▶ **YOUR INSTRUCTIONS**:
The full listing, exactly as written and with no images, is the expected output.

▶ **RECORDED INFORMATION**:
· · · · ·

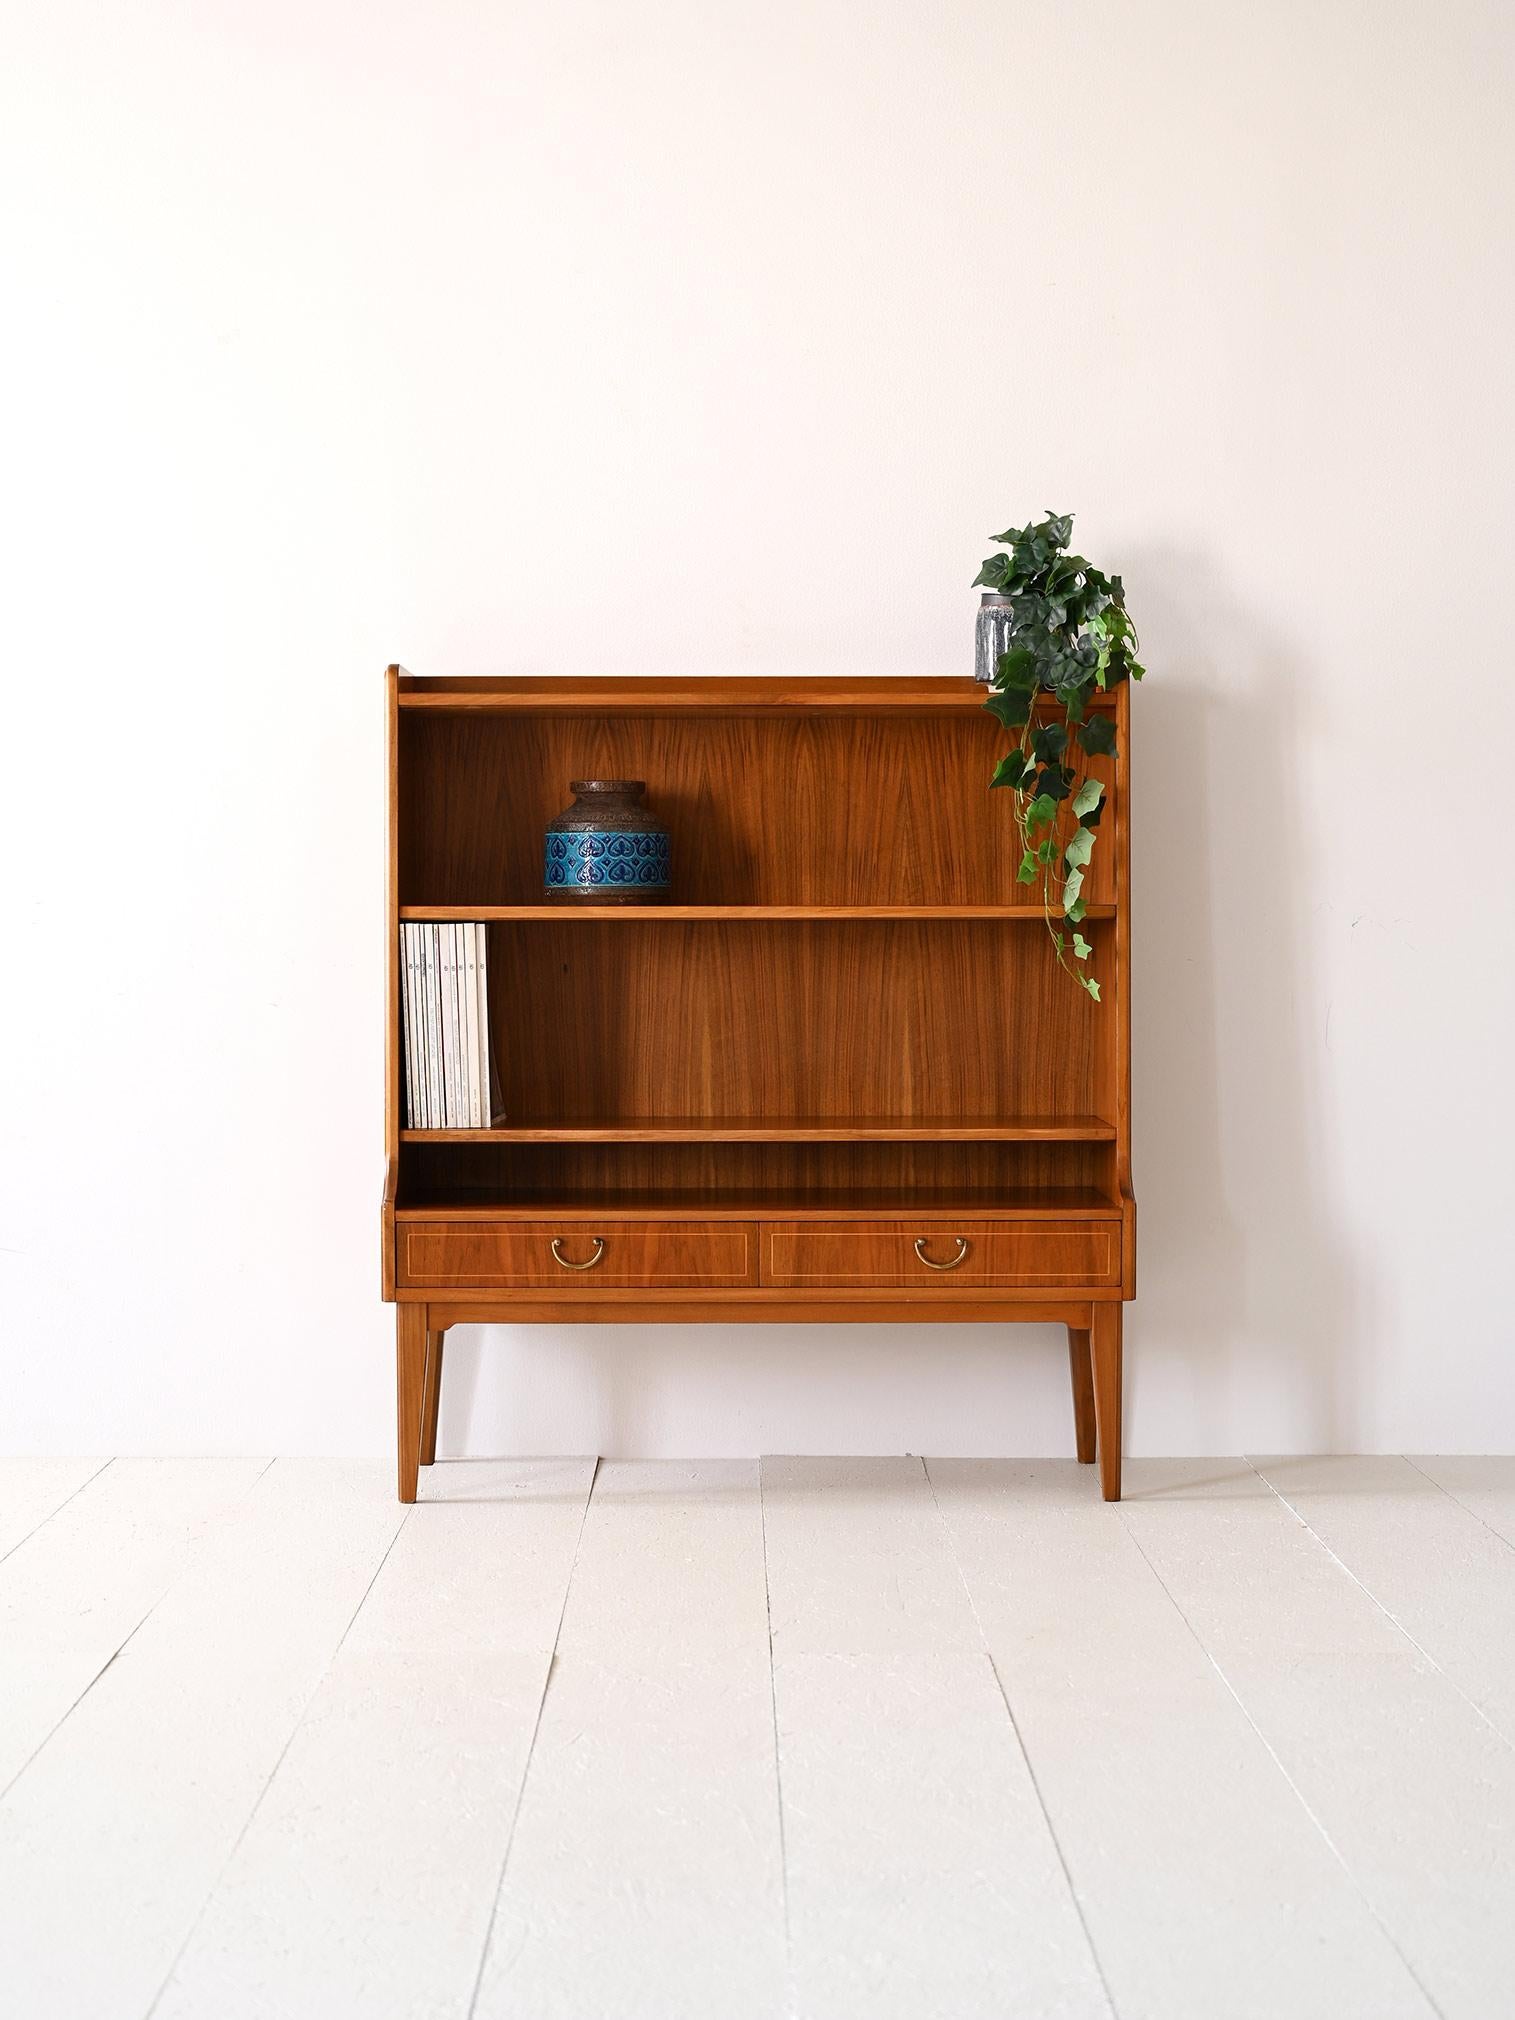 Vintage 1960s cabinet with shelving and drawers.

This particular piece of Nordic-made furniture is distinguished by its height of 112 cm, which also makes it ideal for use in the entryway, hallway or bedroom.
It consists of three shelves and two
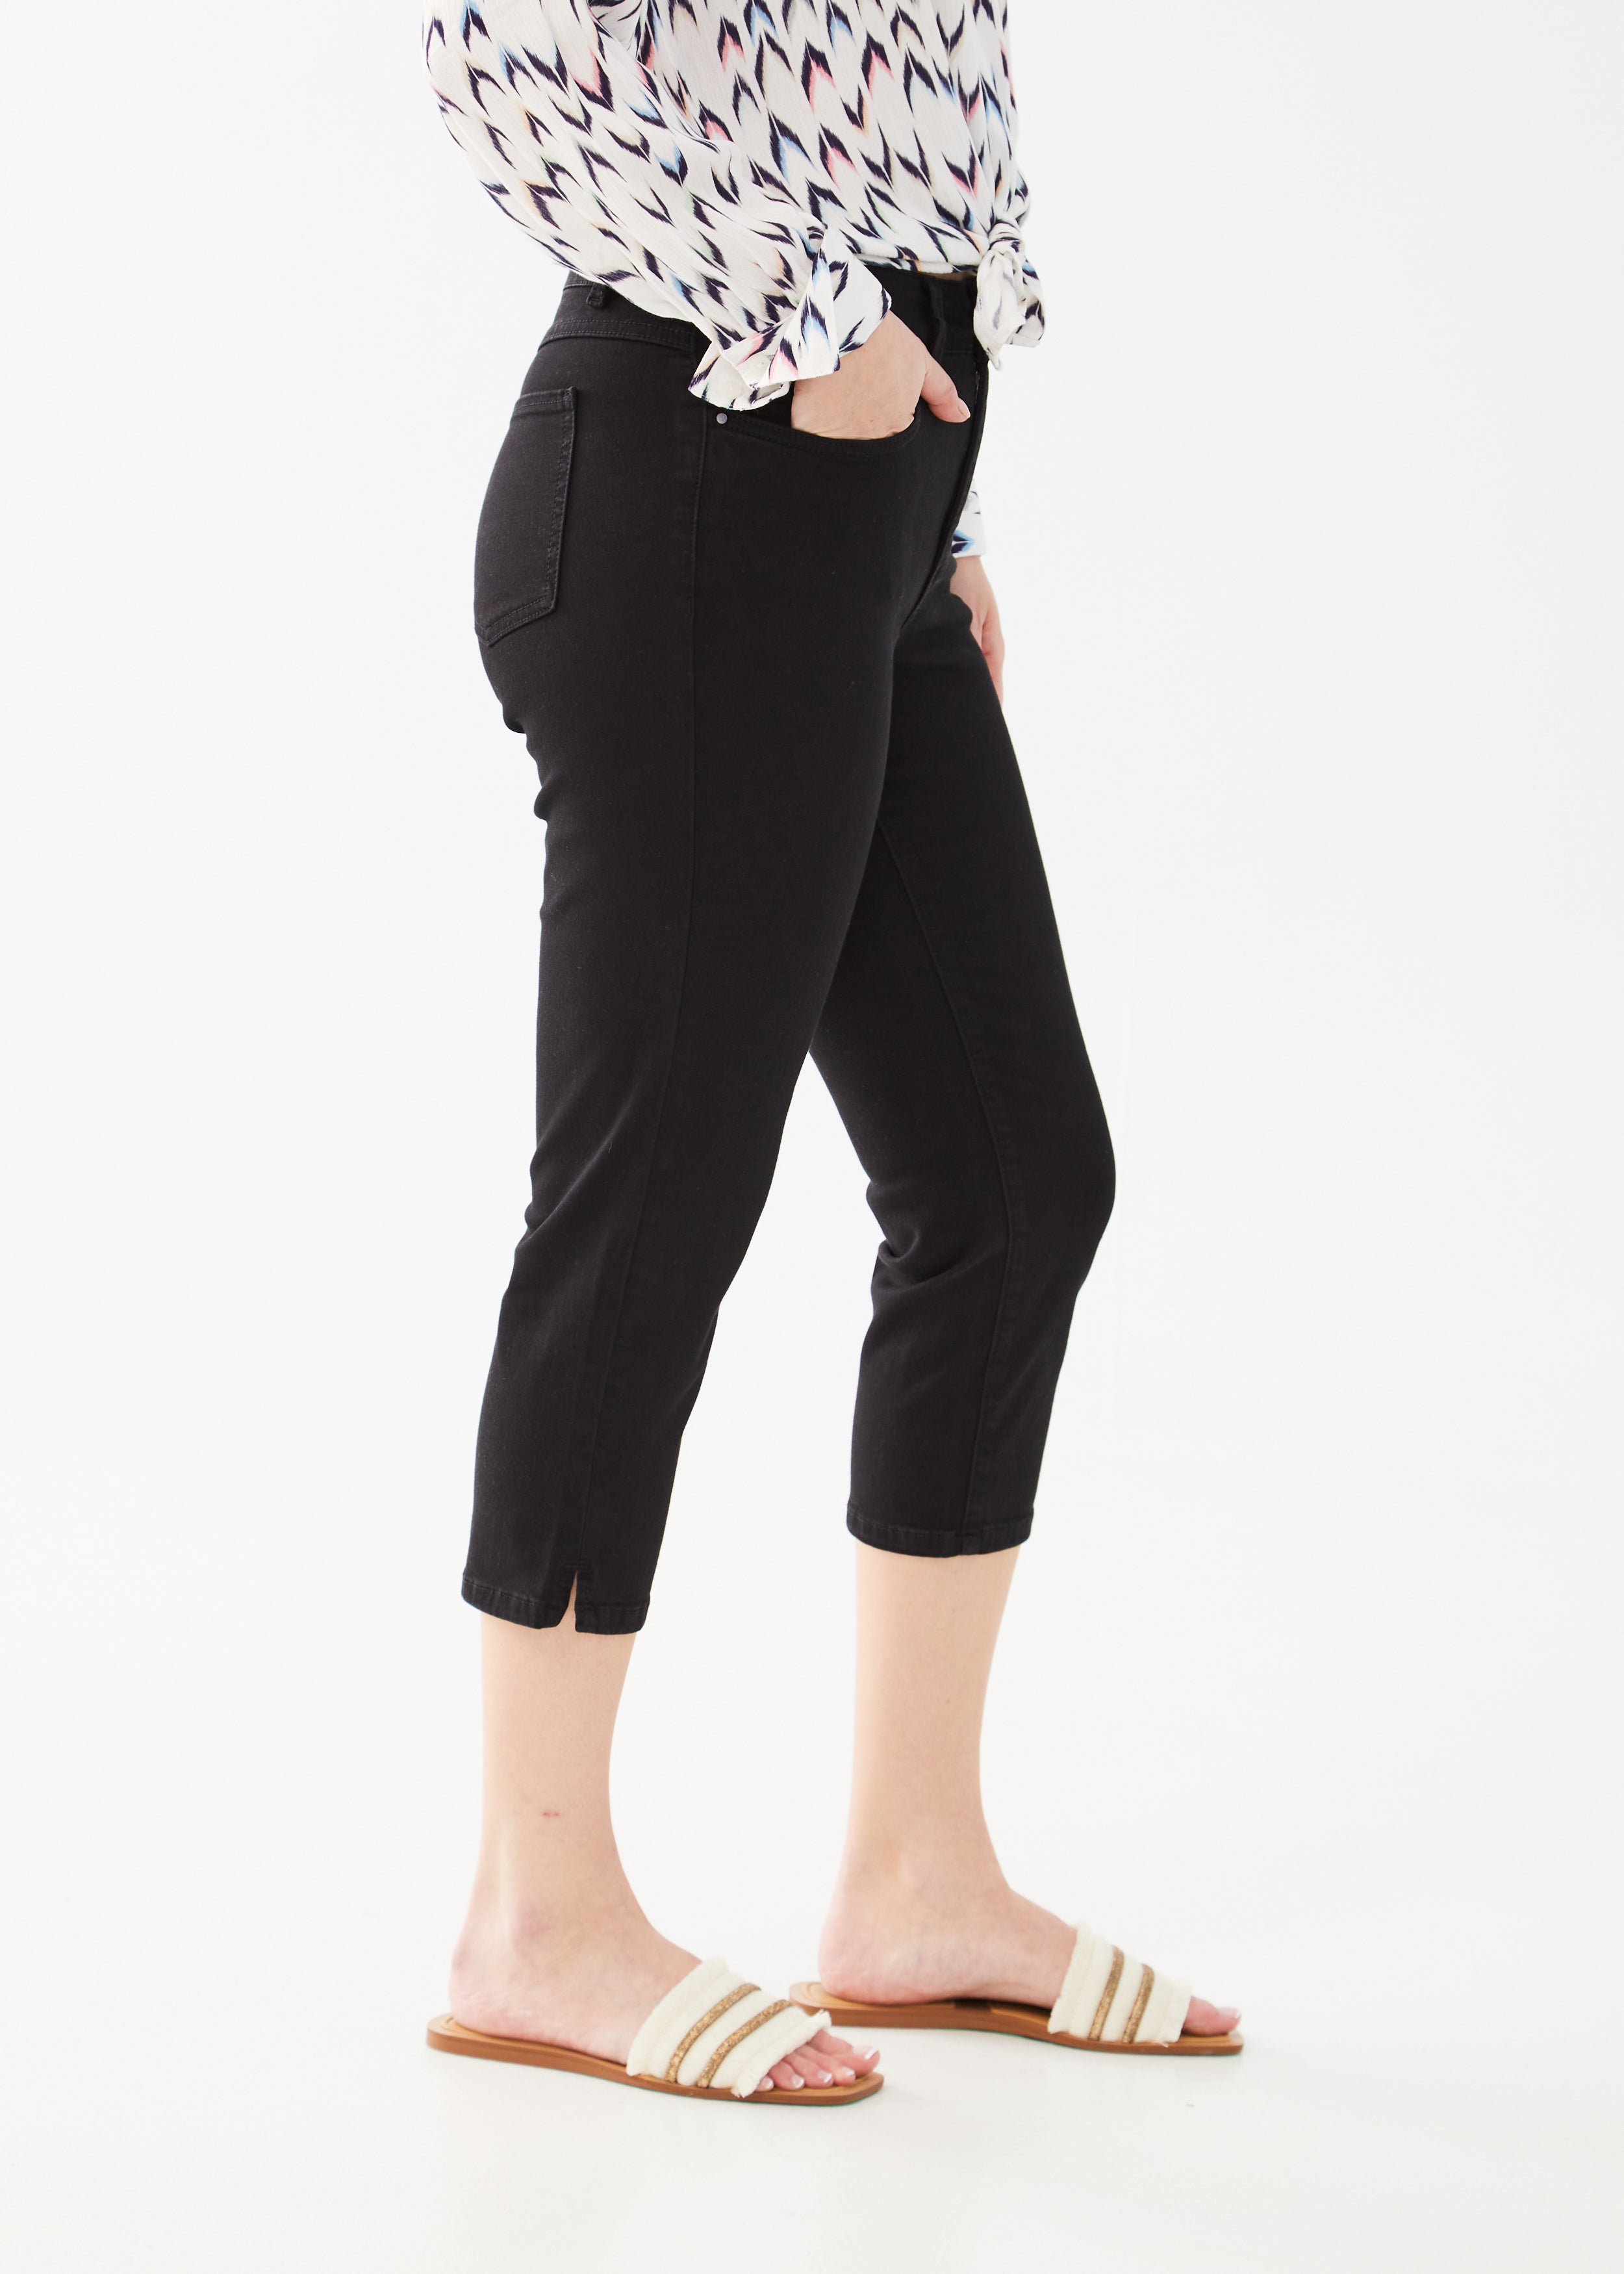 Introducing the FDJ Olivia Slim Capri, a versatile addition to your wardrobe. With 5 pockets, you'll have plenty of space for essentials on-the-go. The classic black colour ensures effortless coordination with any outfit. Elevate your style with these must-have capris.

· · · · ·

▶ **OUTPUT FOR THIS TASK**:
 Vintage 1960s cabinet with shelving and drawers.

This particular piece of Nordic-made furniture is distinguished by its height of 112 cm, which also makes it ideal for use in the entryway, hallway or bedroom.
It consists of three shelves and two
 Introducing the FDJ Olivia Slim Capri, a versatile addition to your wardrobe. With 5 pockets, you'll have plenty of space for essentials on-the-go. The classic black colour ensures effortless coordination with any outfit. Elevate your style with these must-have capris.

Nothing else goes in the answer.